The return of motivic particles begins even in the two opening measures of Piece No. 3 [see my Example 7a, which reproduces mm. 1–3]. Among the most prominent of them are two three-note figures that are introduced in the incomplete first measure: the chord C, C, E in the right hand and the line A–G–D in the left. Their tones return in free variants in every measure of the work, but the figures do not retain their original rhythmic profiles or intervallic shapes as in motivic development. For example, the trichord A–G–D returns in the left-hand line of m. 1 as the succession D–C–A–G, reordered and expanded by the additional tone C; it next reappears verticalized, inverted, and transposed as A, D, G in m. 2 (middle staff). This technique of detaching motivic development from rhythm would prove to be of immense importance in Schoenberg’s later development of the atonal style. (Simms 2000, 67)

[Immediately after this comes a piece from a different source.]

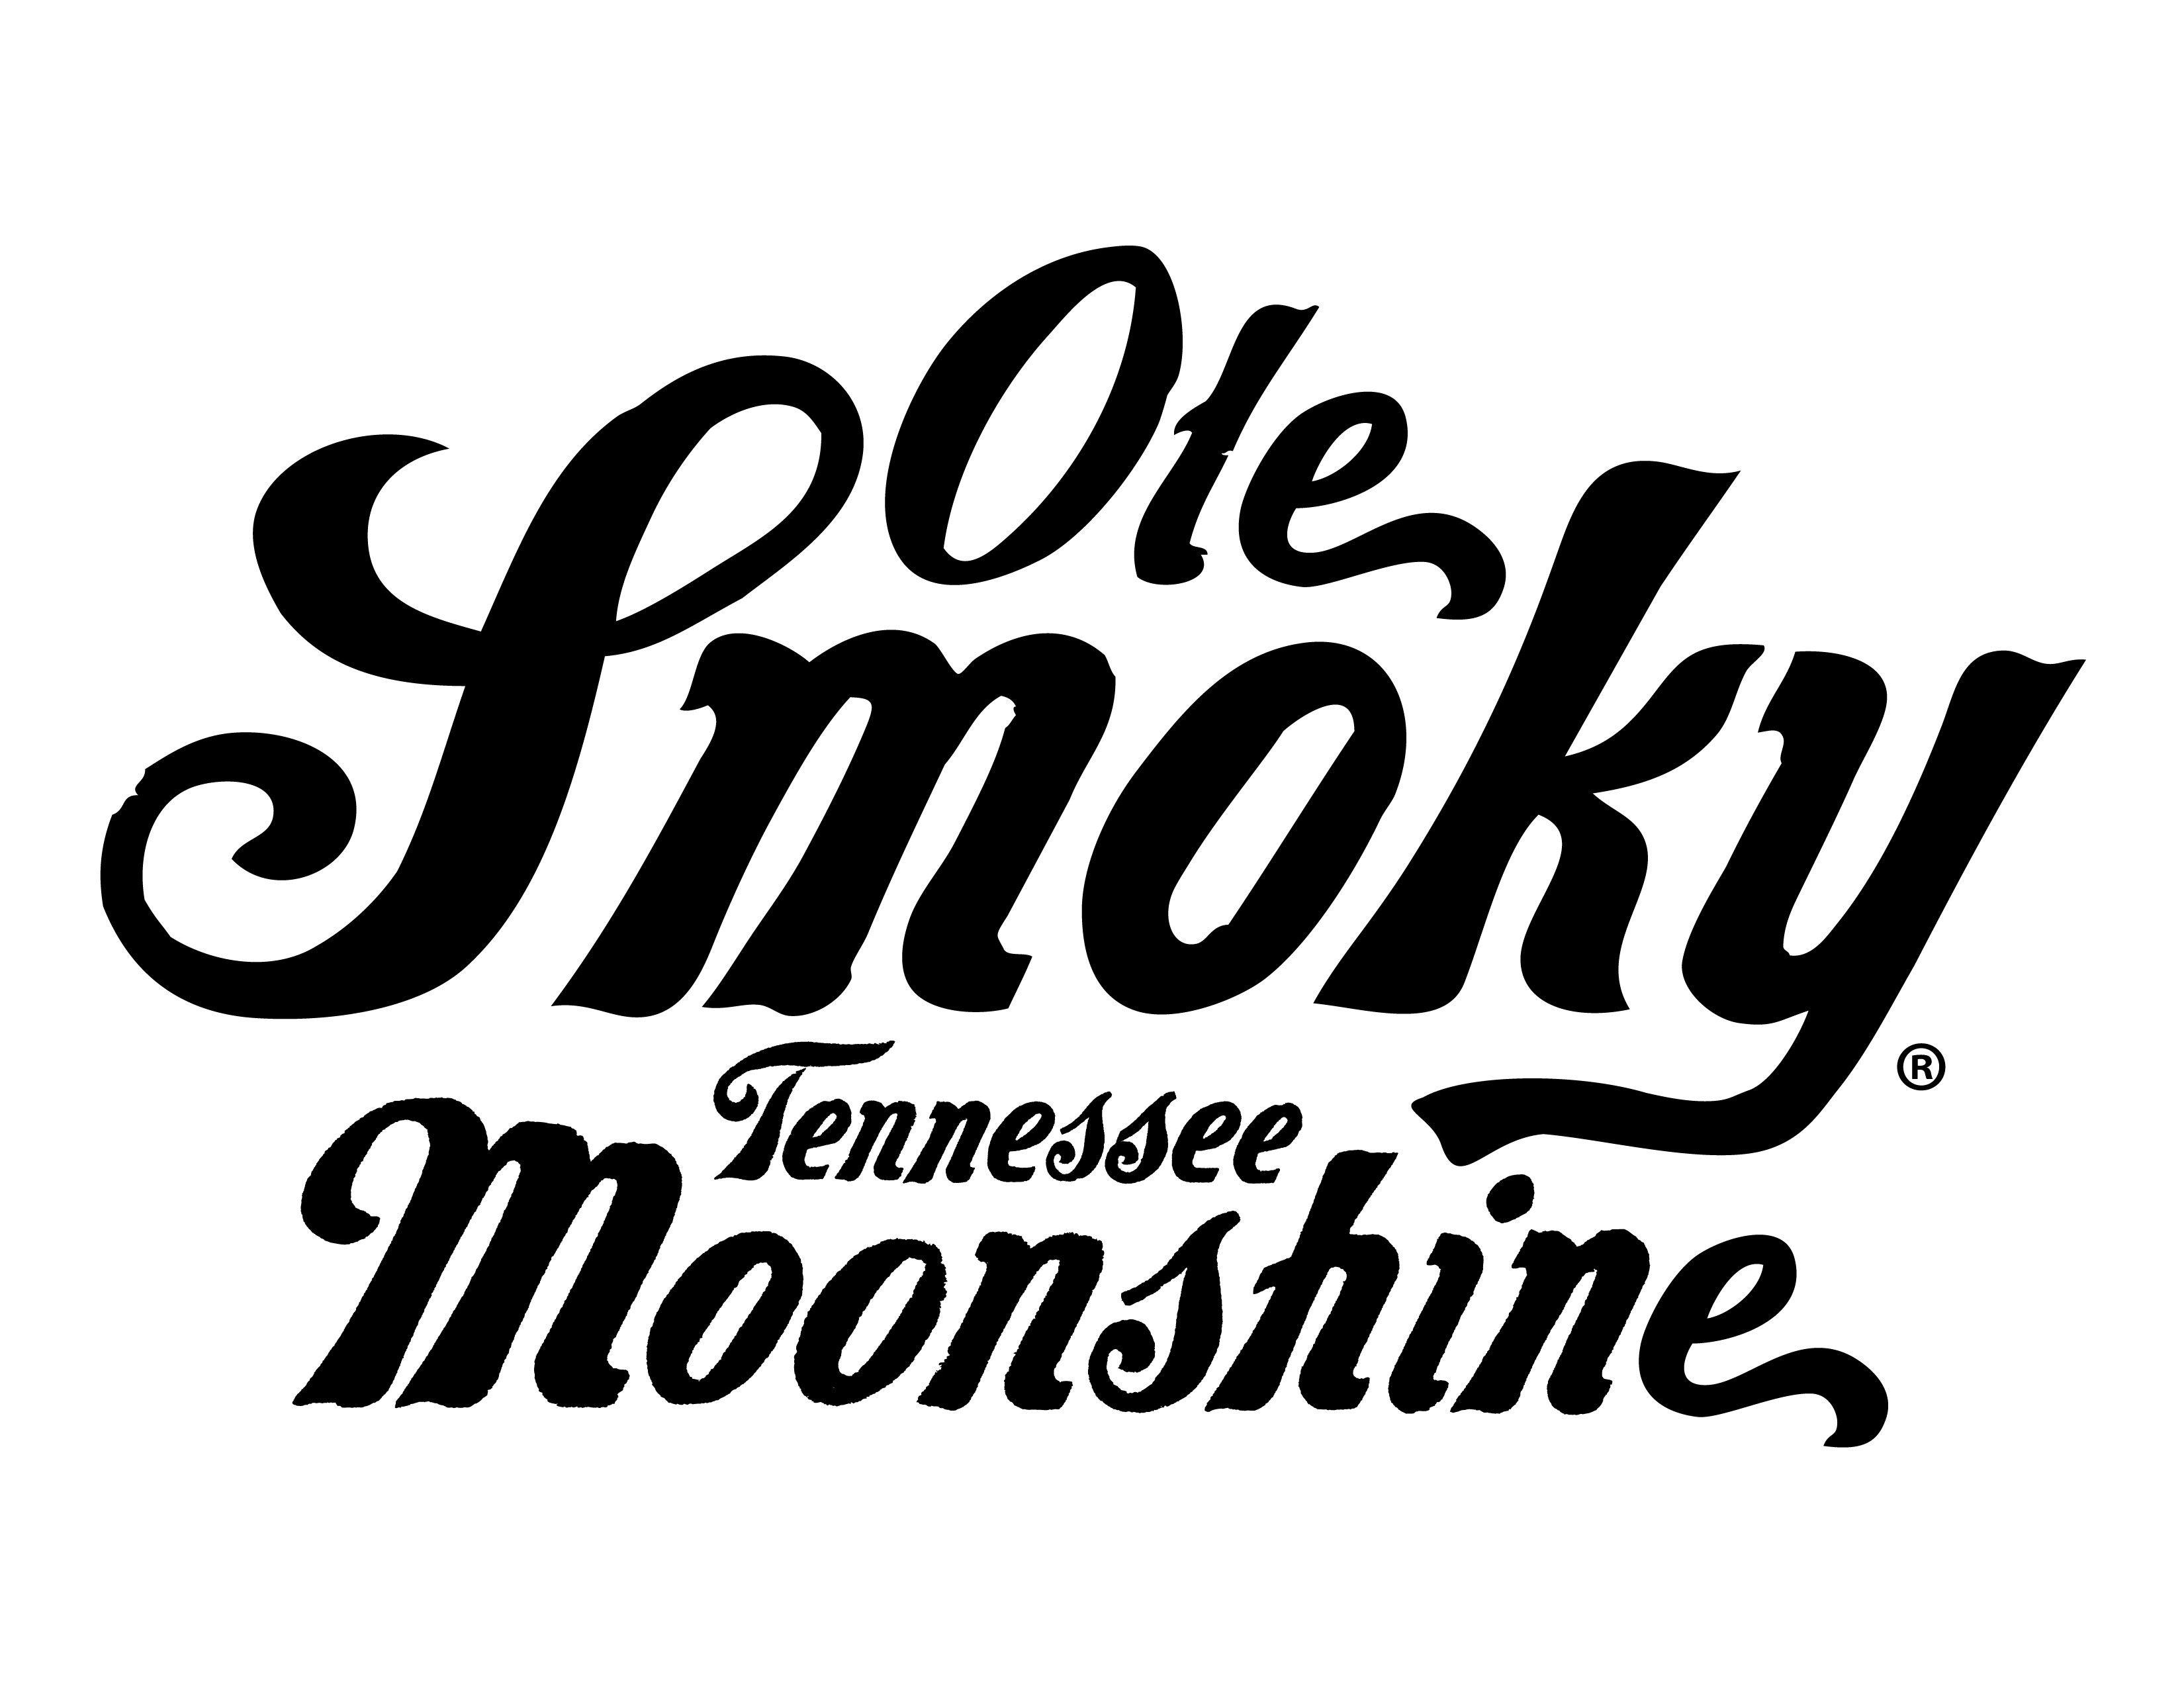 "5/"" OLE SMOKY TENNESSEE MOONSHINE STICKER GATLINBURG DECAL SHINE NASHVILLE SHINE"

[22] My own position in the international debate about large-scale coherence in op. 11, no. 3 takes its cue from Simms in one way, but in another way takes a step beyond both his work and the Central European authors discussed earlier. I do not believe that it is sufficient to speak of networks of motivic particles that span multiple measures in this music while limiting the study of developmental processes to the local level. Instead, I want to demonstrate that, together with op. 11, no. 1, the third piece creates a large-scale developmental process that begins with ordered pitch-interval successions (at the beginning of the first piece) but later generalizes the same process to set classes (at the end of the first piece and throughout the third piece), and ends with unordered pitch-interval collections. Opus 11’s generalization from ordered pitch-interval processes to set-class processes also can be understood in terms of what Joseph Straus (1997 and 2005) has described as “near-transposition,” “near-inversion,” or “minimal-offset voice-leading,” first in pitch space, then, as the first and third pieces progress, in pitch-class space, returning again to pitch space near the end of piece no. 3.(7)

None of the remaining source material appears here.